Re: postgresql vs mysql - Mailing list pgsql-general

From Steve Crawford
Subject Re: postgresql vs mysql
Date
Msg-id 45DF2C88.20001@pinpointresearch.com
Whole thread Raw
In response to Re: postgresql vs mysql  (Mark Walker <furface@omnicode.com>)
Responses Re: postgresql vs mysql  ("Brandon Aiken" <BAiken@winemantech.com>)
Re: postgresql vs mysql  (Tino Wildenhain <tino@wildenhain.de>)
List pgsql-general
Mark Walker wrote:
> I'm not sure what you're trying to do but, it appears that you database
> design is incorrect.  What you need is something like
>
> CREATE TABLE temp_readings
> (
>  _date Date,
>  temperature double,
>  source varchar(20),
> )
>
> No reading, no record.  Are you suggesting that you would have a weekly
> set of records for each row?
>
> CREATE TABLE temp_readings
> (
>  weekstart date,
>  sun double,
>    mon double,
> tues, double
> etc
> )
>
> Not such a great way to do it.

Ummm, I'm not trying to make a temperature database. I was responding to
the previous poster with an extremely simple example of usefulness of
the _concept_ of "null".  I'm afraid I hadn't considered the possibility
that it would be mistaken as an example of an actual table.

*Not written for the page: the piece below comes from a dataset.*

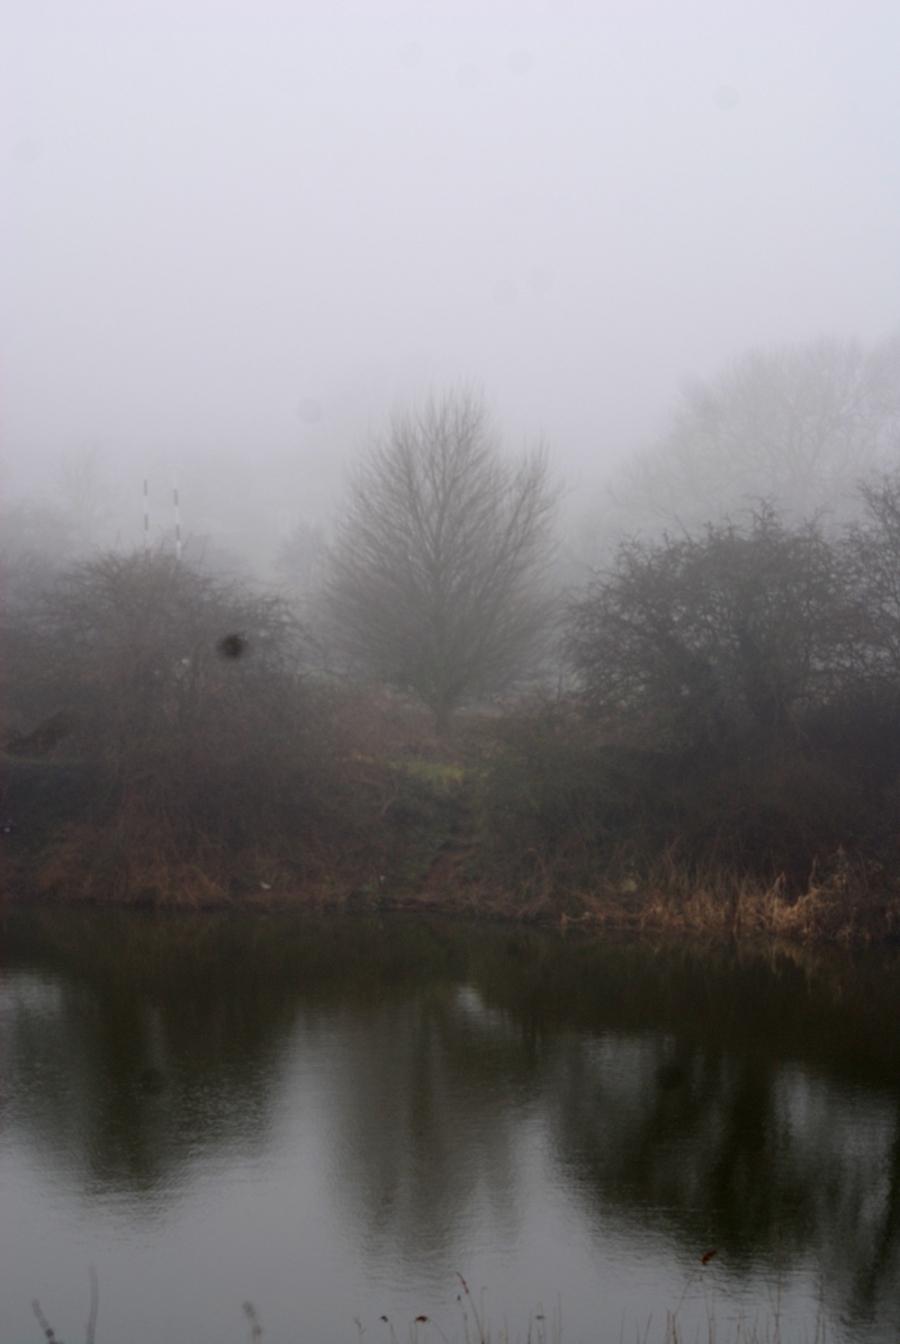 (Mist over Godfrey's pond)
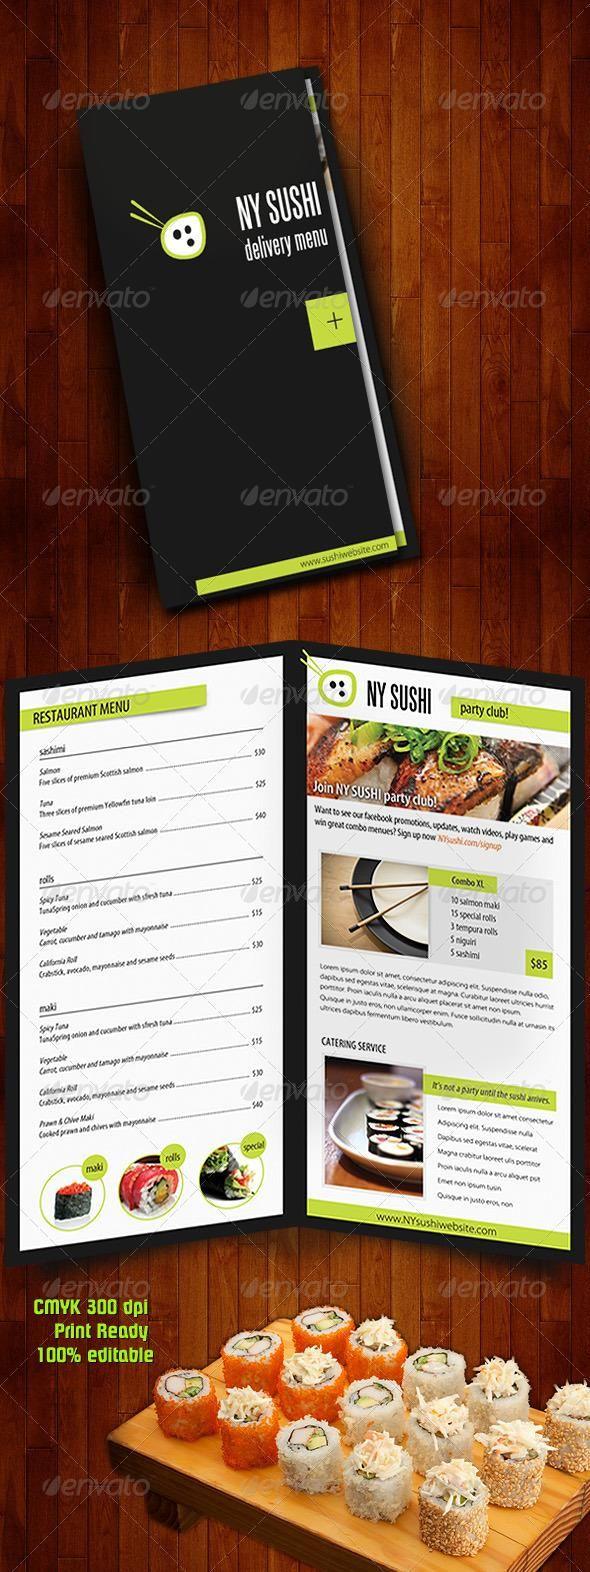 catering menu templates free

But since you bring it up, simply omitting rows isn't necessarily an
option. A common scenario for weather observation is to take regular
snapshots or a bunch of measurements (air-temperature, humidity,
wind-speed, soil-temperature, leaf-wetness, UV radiation, etc.) which
can easily be represented in a table with a timestamp and a column for
each of the measurements. In a modular weather station where a specific
instrument can be out of service, one or more of those measurements
could be missing (null) for a period of time while the remaining
measurements are still being inserted.